_Exercise data_.
---------------
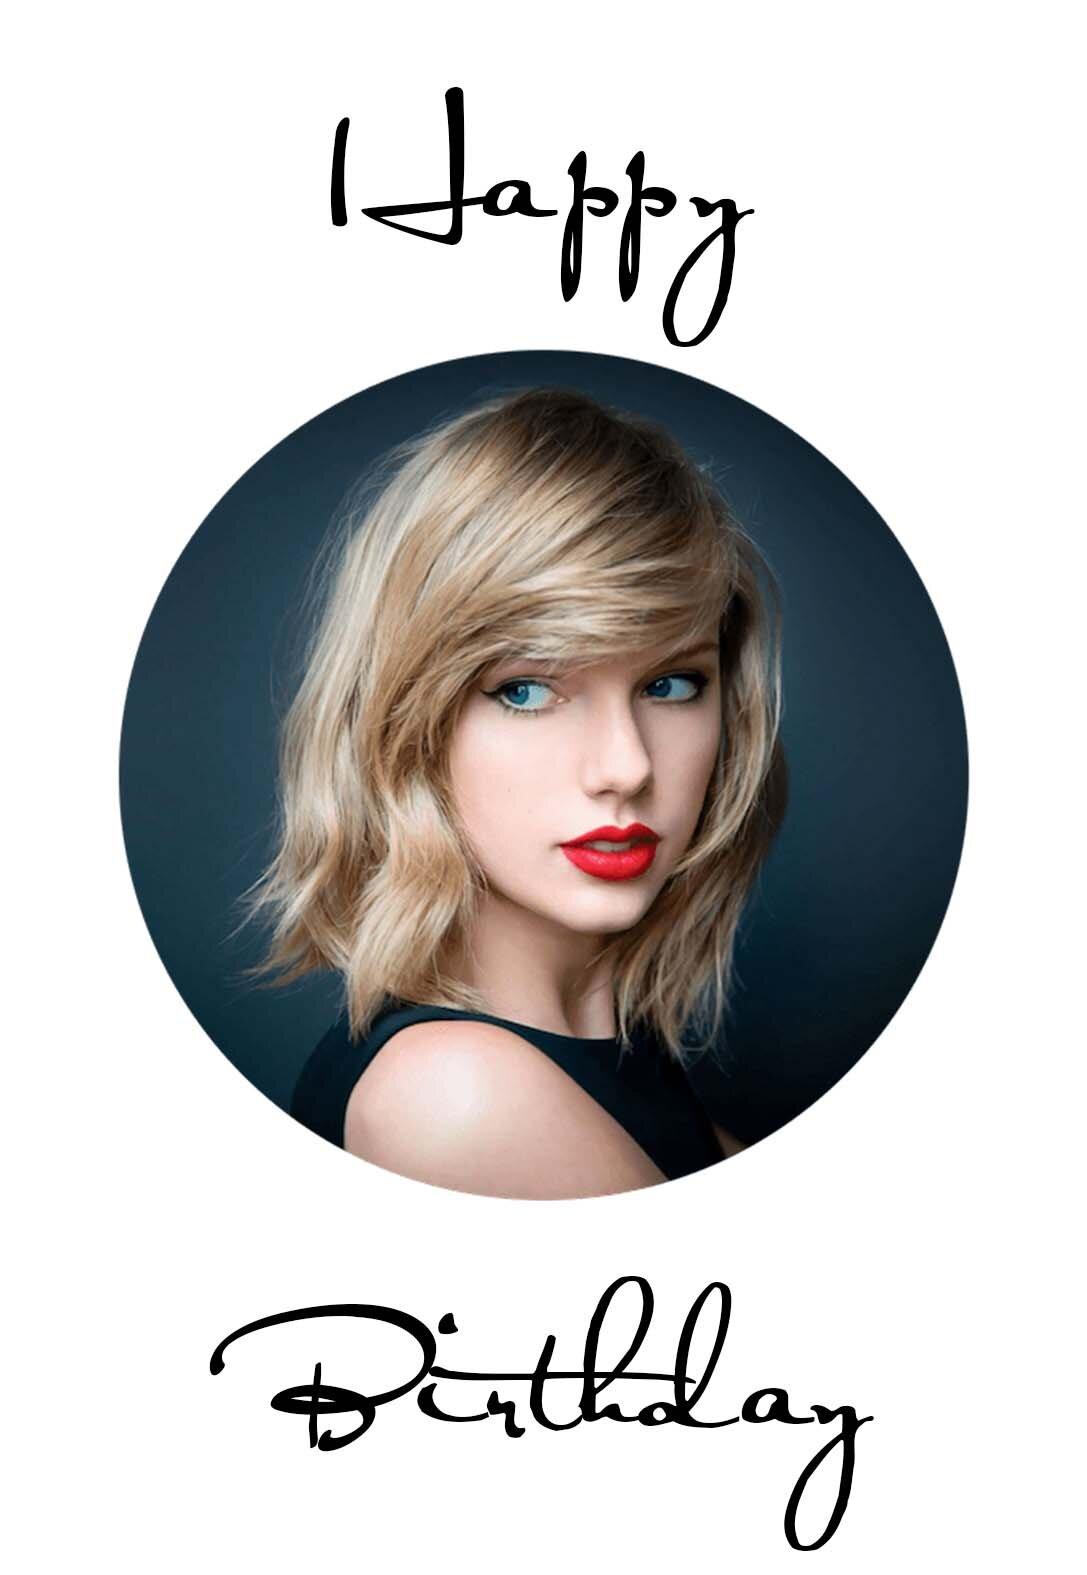 Taylor Swift Printable Birthday Cards Printbirthday Cards
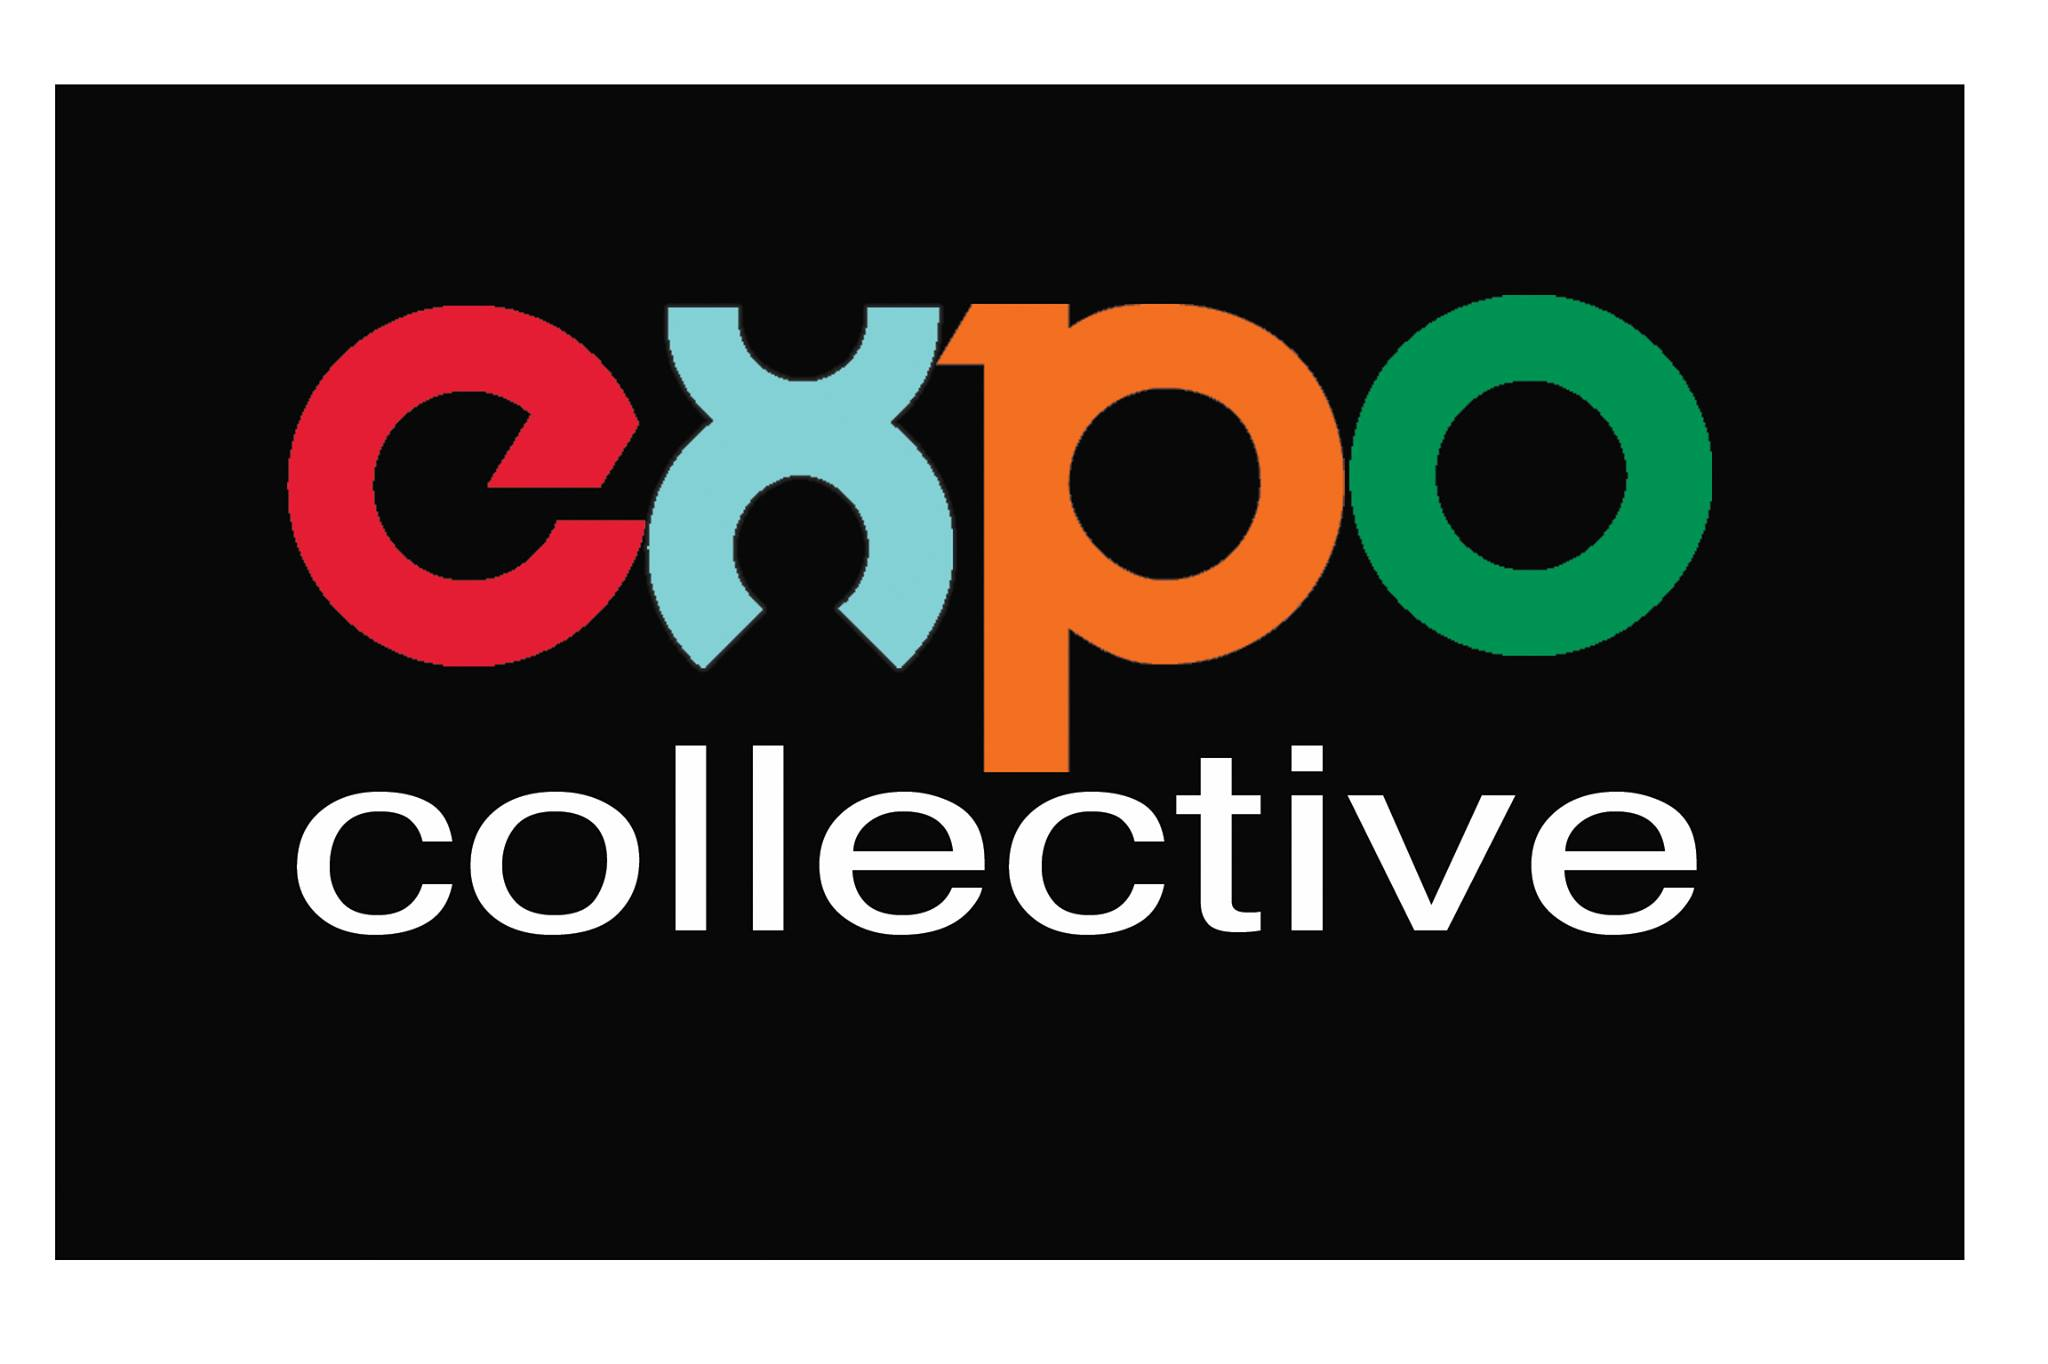 EXPO Collective
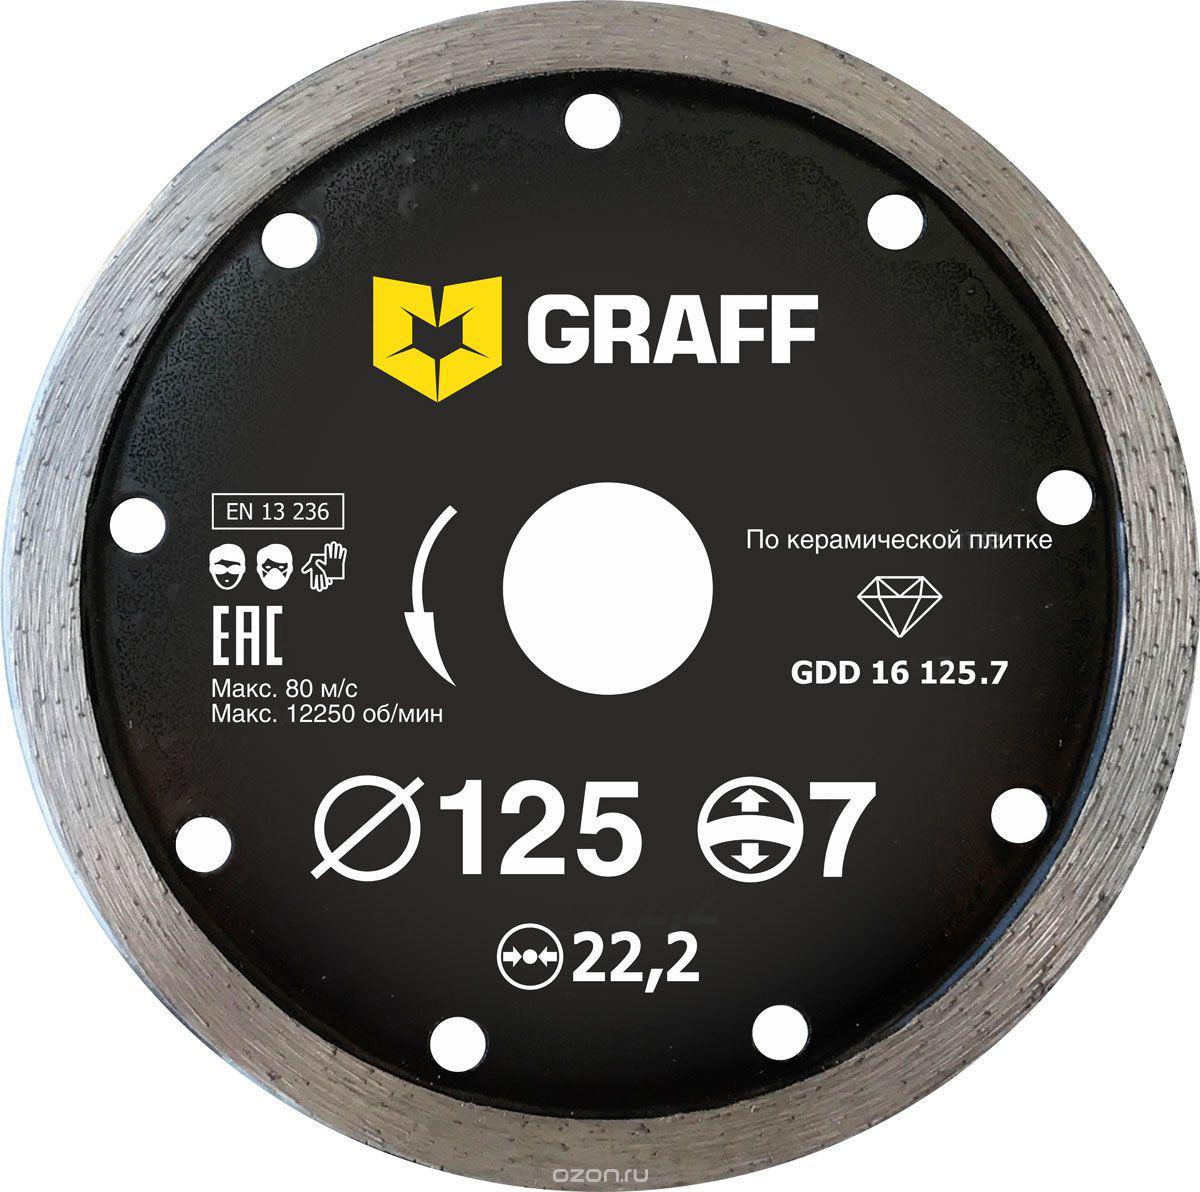 Картинка для Круг алмазный Graff Gdd 16 125.7
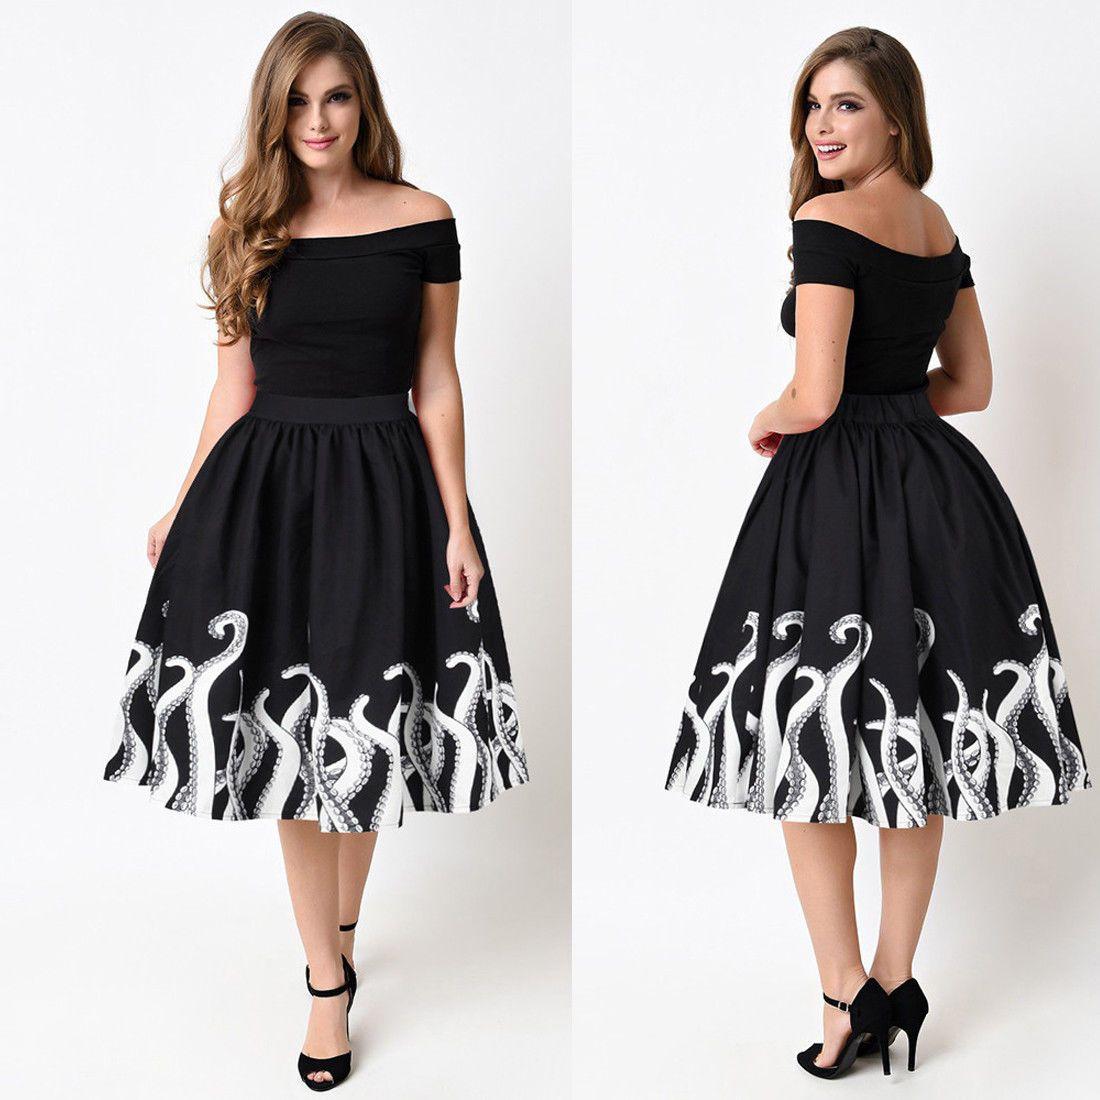 12.55 - Fashion Women s Octopus Squid Fancy Print Pattern Mini Knee Length  Skater Skirt  ebay  Fashion fe284dc5a
---------------
_Work instructions_. What's needed is a word-for-word retyping of the listing, minus its pictures.

_Answer box_.
 Taylor Swift Printable Birthday Cards Printbirthday Cards
 EXPO Collective
 Картинка для Круг алмазный Graff Gdd 16 125.7
 12.55 - Fashion Women s Octopus Squid Fancy Print Pattern Mini Knee Length  Skater Skirt  ebay  Fashion fe284dc5a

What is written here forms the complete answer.